The RVSI magnitude of a highly congested line is near to unity. As a result, RVSI values must be kept below unity to ensure system stability.
3. Proposed Grey Wolf Optimizer (GWO)
This optimizer was demonstrated in 2014 by Seyedalimirjalili and wasdesigned fully according to the hunt for grey wolves and individual characteristics for them. The author has acknowledged in this methodology four distinct aspects of hierarchical chains. Grey wolves such as ‘α’ come first, followed by ‘β’, ‘δ’, and finally ‘ω’. Grey wolves are becoming increasingly interested in remaining in a pack. The overall number of wolves in the pack could be between 5 and 12. ‘α’ wolves are typically the gathering chiefs, in charge of various actions such as fundamental leadership for chasing, strolling, attacking, relaxing, waking up, and so on. They do not need to be strong wolves but must deal with alternate wolves. In social situations, all grey wolves respect and recognize the pioneer wolf by holding their tails downwards. The ‘β’ grey wolf is the pack’s second leader, superior to the alternative wolves and the ‘α’ grey wolf. It could be either a female or a male. The ‘β’ wolf should supply the criticism obtained from the other wolves and assist the ‘α’ in making choices among different workouts conducted in the gathering. This wolf should lead the rest of the pioneer wolves. The next phase of the progressive system is ‘δ’ wolves, who are in charge of the lowest levels of the wolf hierarchy and show consideration for the more senior wolves. The remaining wolves are not very important; however, it has been observed that if one ‘δ’ wolf is loosed, the entire assembly fights. These are mostly in charge of the wolves’ gathering/minding, pack’s uprightness, and well-being [19]. A flow chart for an objective function utilizing the Grey Wolf approach is shown in Figure 1.
Figure 1.
Representation of the grey wolf algorithm’s multi-objective optimization process.
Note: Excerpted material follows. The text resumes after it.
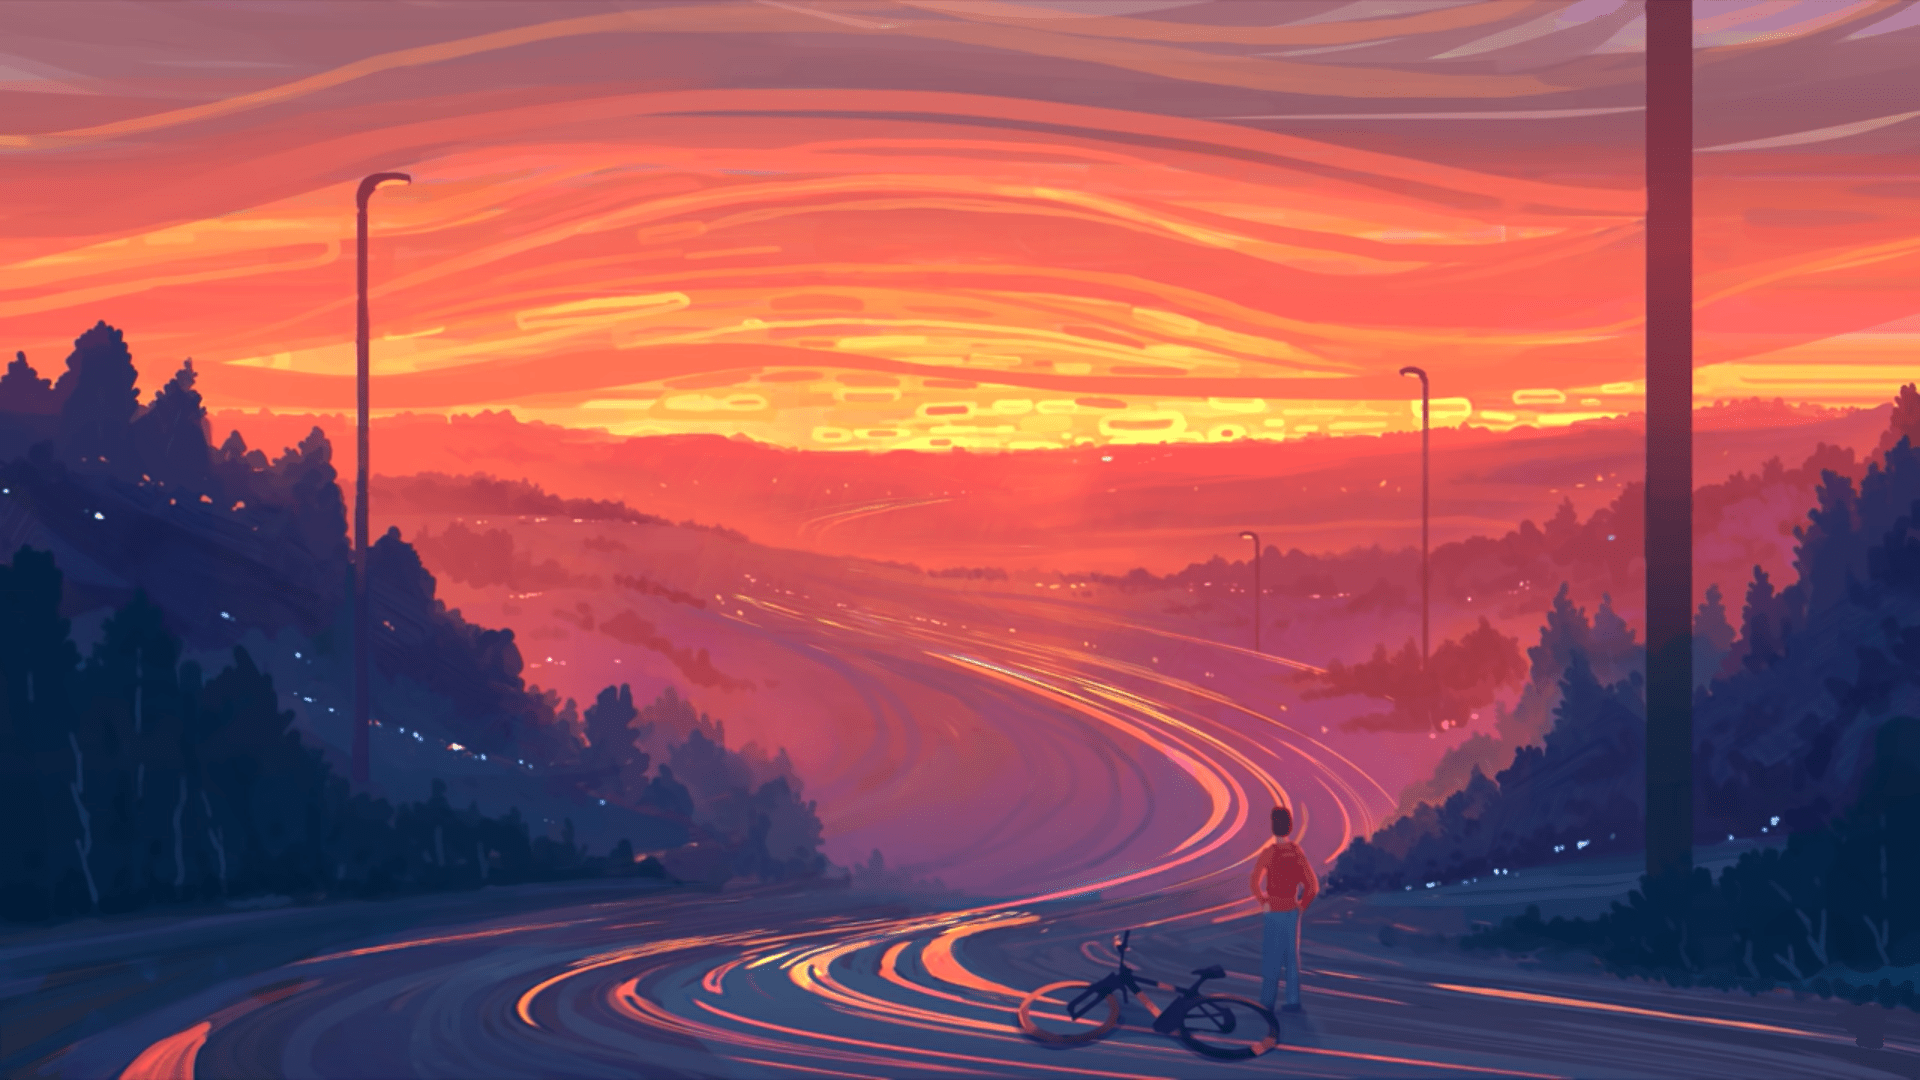 A man riding his bike down the road - Sunset, road

Algorithm for Grey Wolf Optimizer
Step 1: Establish GWO settings such as search agents (Ws), design variable size (Wd), and so on. the vectors a, A, and C, as well as the maximum no. of iterations
Ensure that the GWO’s search agents (Ws) and design variable sizes are set up (Wd). iterations and the number of vectors a, A, and C
A = 2.a.r1 − a
C = 2.r2
Step 2: Build Grey wolves based on pack size arbitrarily. The grey wolves can be given as mathematically
where Wmn is the starting value of the mth pack of the nth wolves
Step 3: Estimate each hunting agent’s fitness value with the Formulas (16) and (17) below
Step 4: Determine the best hunt agent (Wα), the second-best hunt agent(Wβ) and the third-best hunt agent (Wδ) using equations
Step 5: Renew the current hunting agent’s position using formula (18).
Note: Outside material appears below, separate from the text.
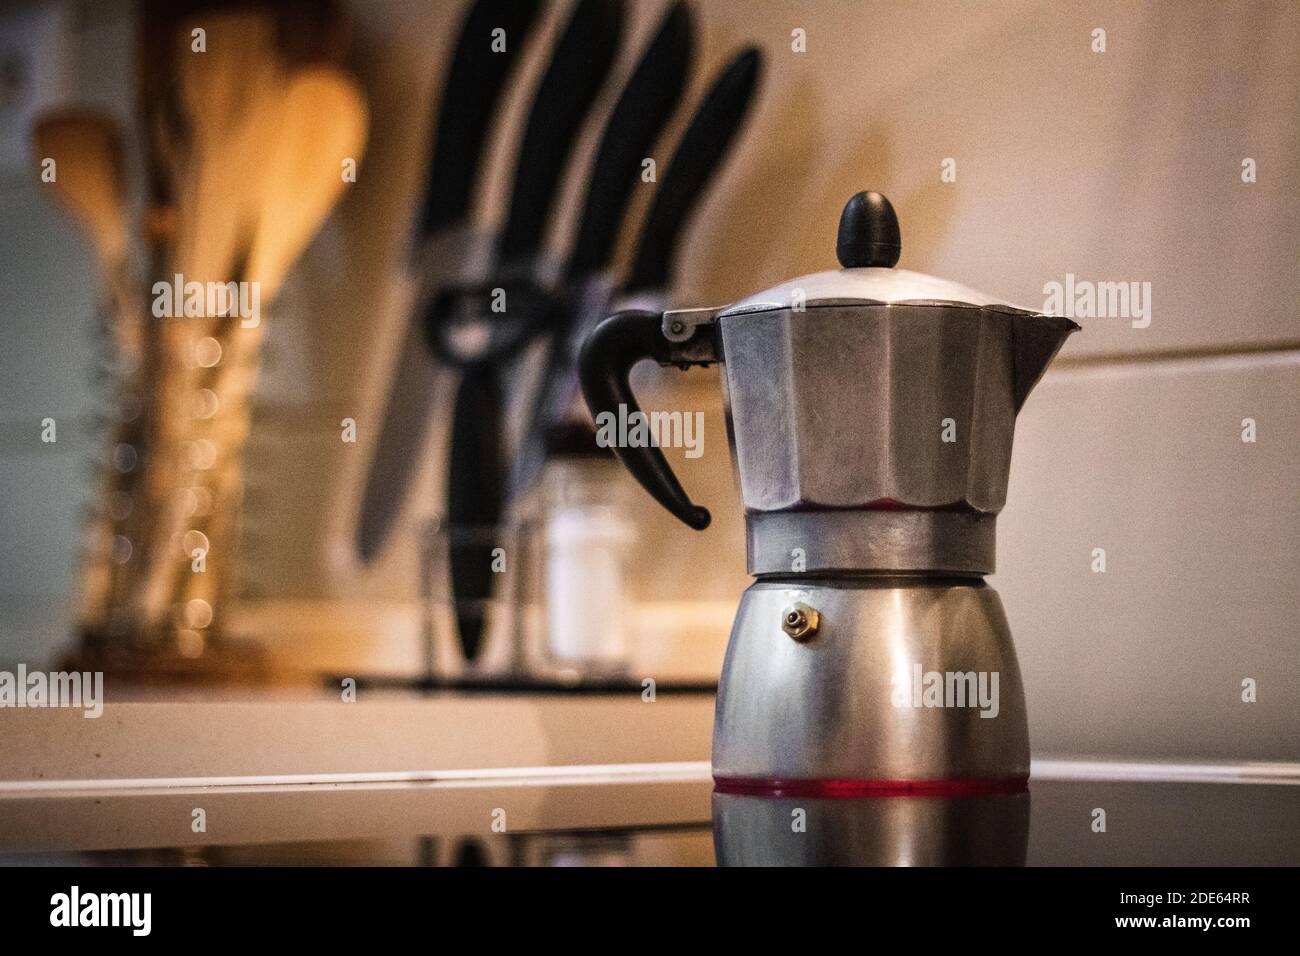 https://c8.alamy.com/comp/2DE64RR/making-coffee-from-boiling-water-on-hot-stove-with-kitchen-counter-in-background-2DE64RR.jpg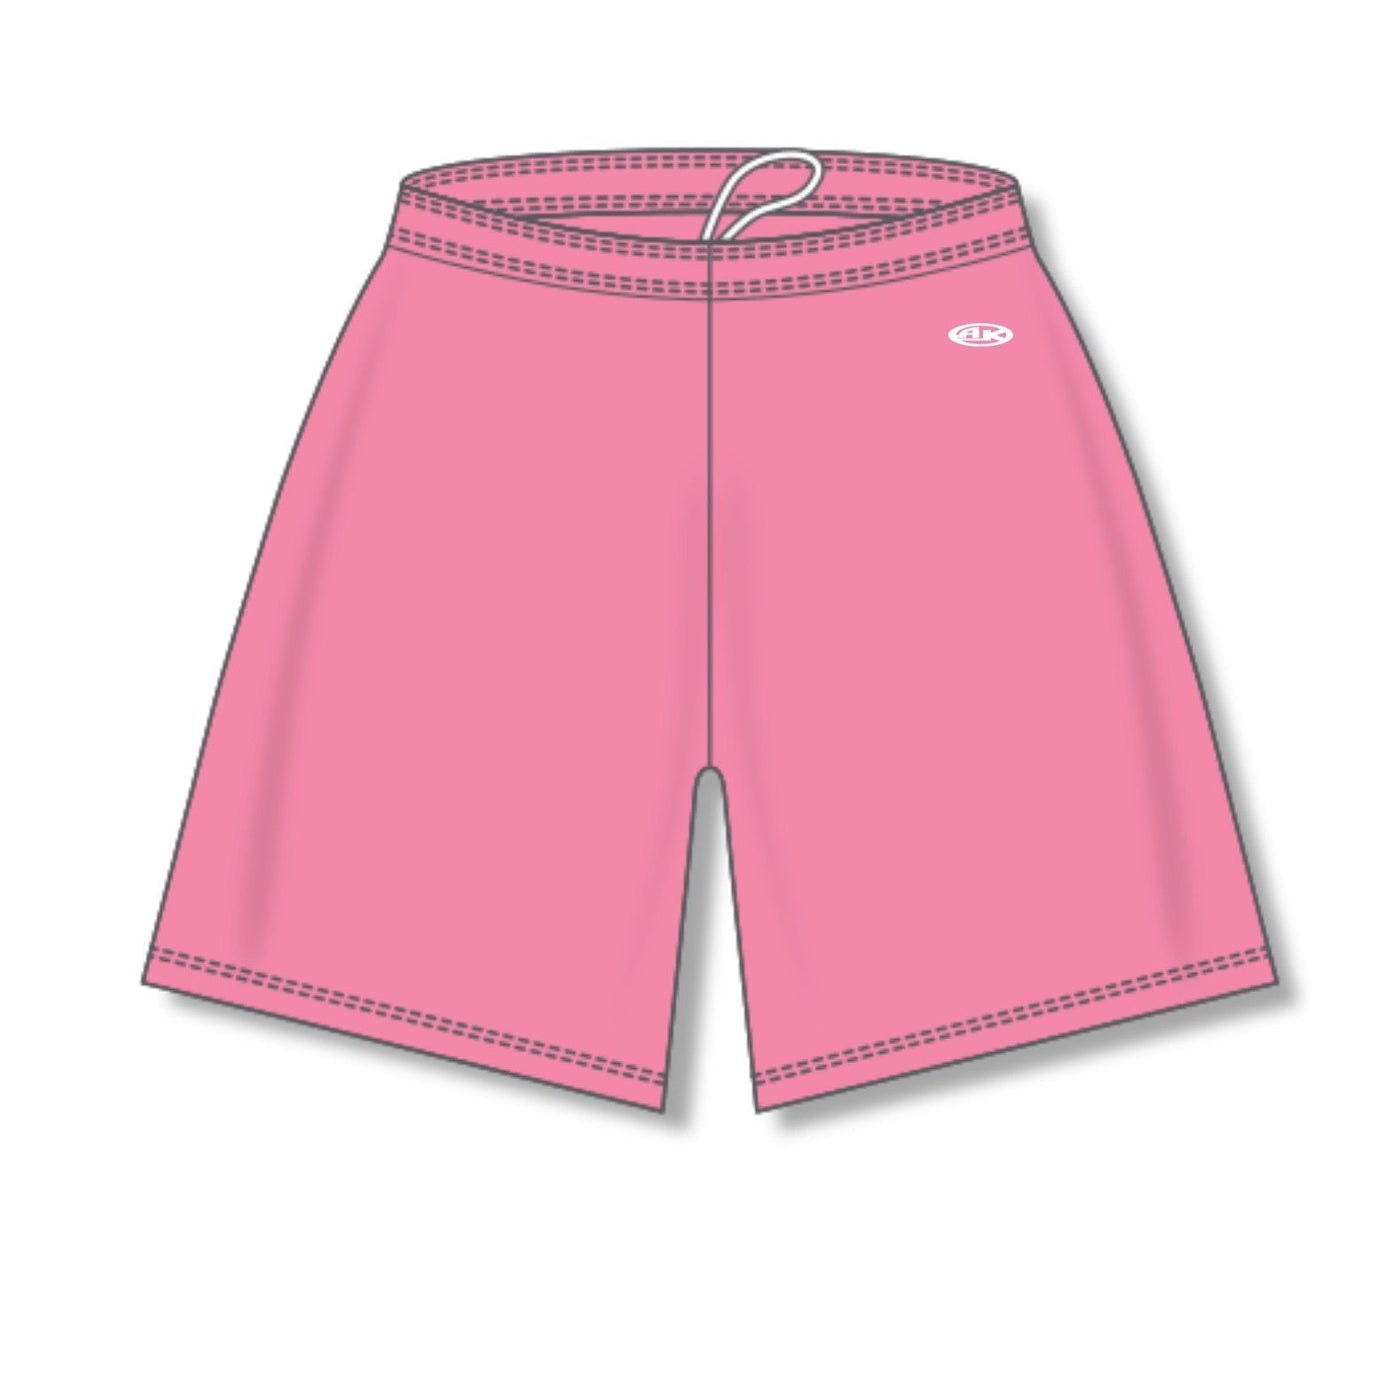 Solid Dry Flex Pink Basketball Shorts

Step 6: Estimate every hunt fitness value
Step 7: Updating the Wα, Wβ, and Wδ values
Step 8: Find out what causes it to cease. In other words, if the number of iterations is reached, print the best solution value if possible, else return to s.
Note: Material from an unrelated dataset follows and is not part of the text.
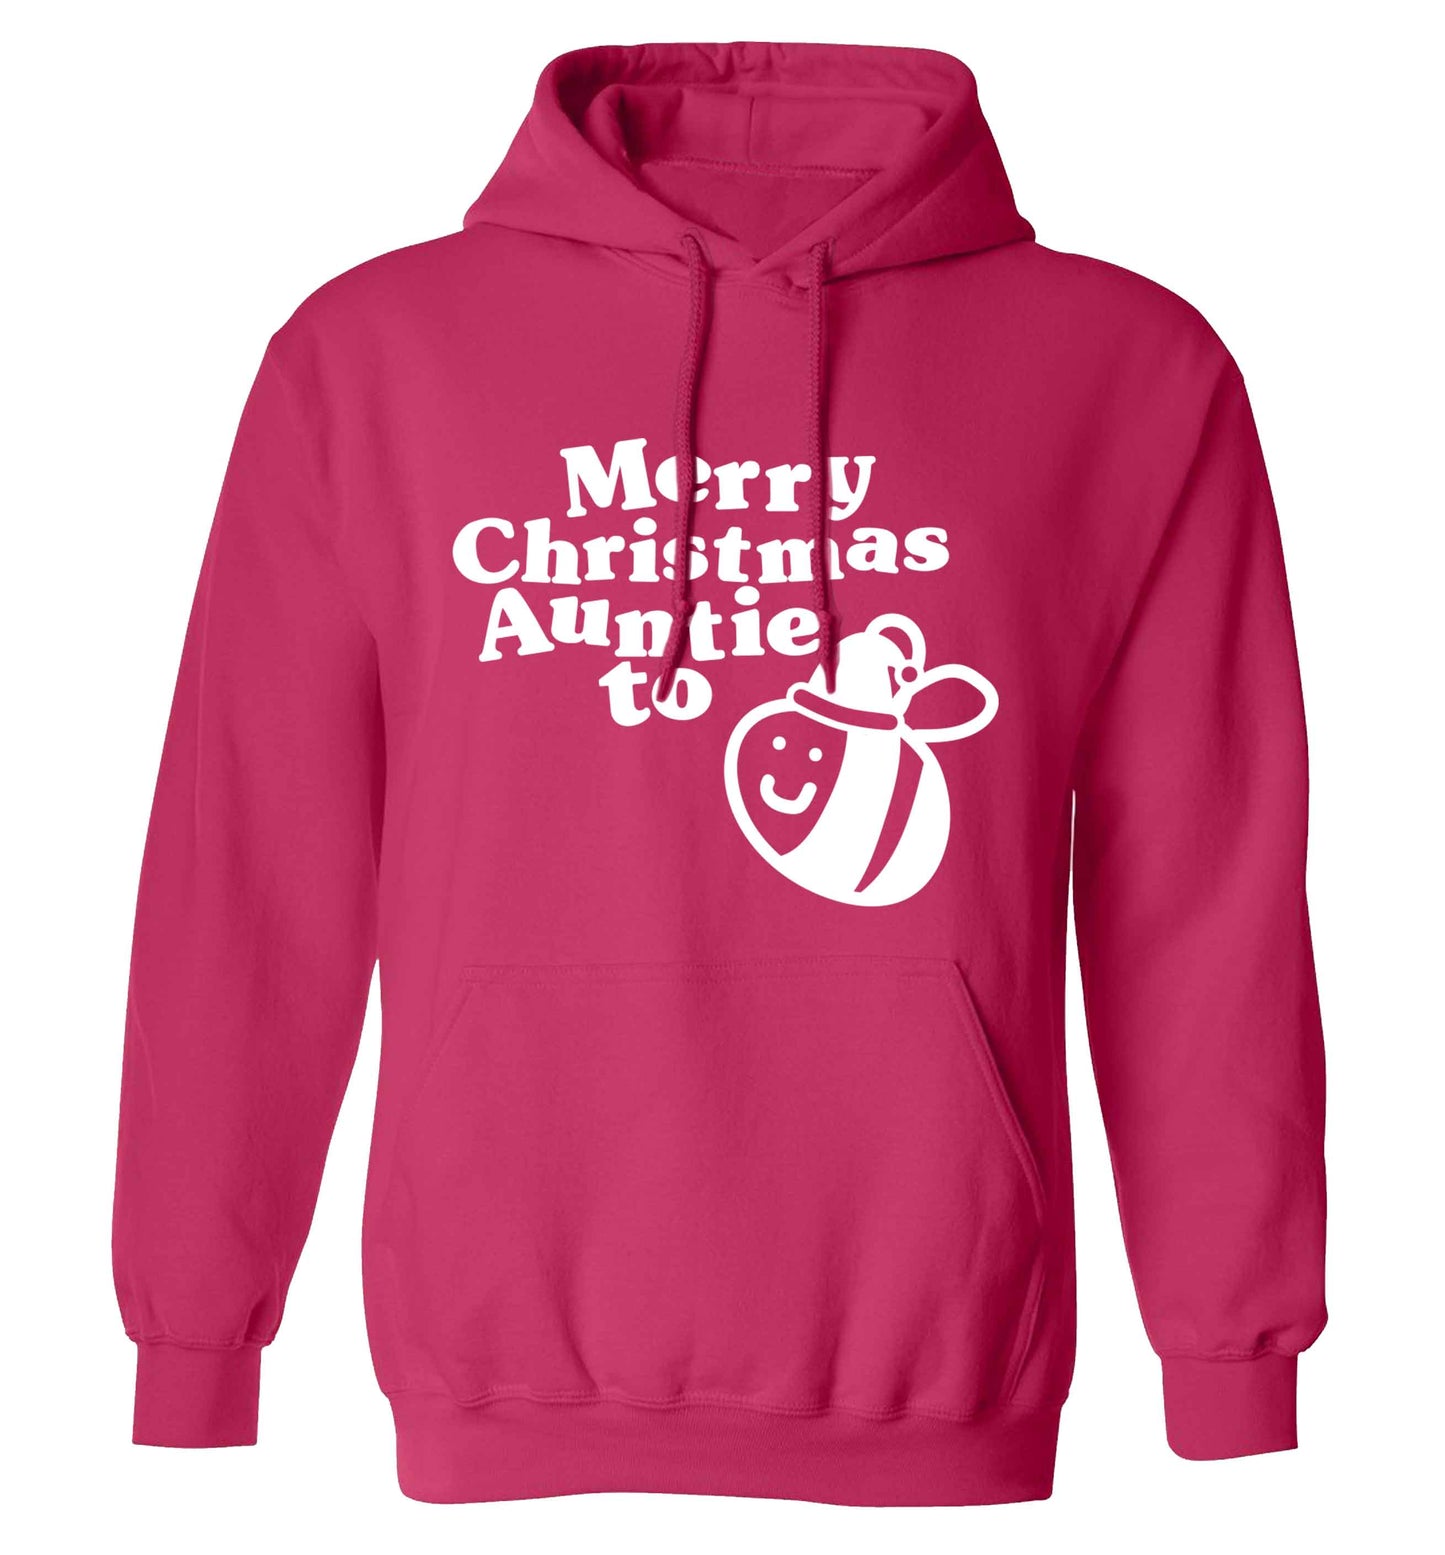 Merry Christmas auntie to be adults unisex pink hoodie 2XL

4. Results and Discussions
The load flow for the modified IEEE-30 bus system is considered and comprises of one slack bus, five thermal generators, the remaining are load buses and 41 interconnected lines. 100 MVA is chosen as the base MVA. Further, the system is tuned for optimal power flow by utilizing the grey wolf algorithm. In general, the thermal load limit restricts the power handling capability of a line. This limit is used for violation purposes and also severe contingencies which are causing security problems are also considered. Matlab 2015 with HP i5 Processor is used to generate the results for various objective functions and parameters. The parameters for the existing PSO and proposed grey wolf algorithm are shown in Table 1.
Table 1.
Parameters of PSO and GWO algorithm.
Various objective functions, including losses, emissions, and fuel costs, are subjected to the Grey wolf algorithm under standard settings and compared to the existing methods. Figure 2 depicts a single-line diagram of the IEEE 30 bus system. These values are portrayed in Table 2. It is also found that the various objective function values are reduced by incorporating the renewable energy sources and that the proposed algorithm is giving better results. It is considered one dollar is equal to 73.61 rupees for the calculations.
Figure 2.
IEEE 30 bus system in a single line diagram.
Table 2.
The comparison of the suggested method with the optimal power flow.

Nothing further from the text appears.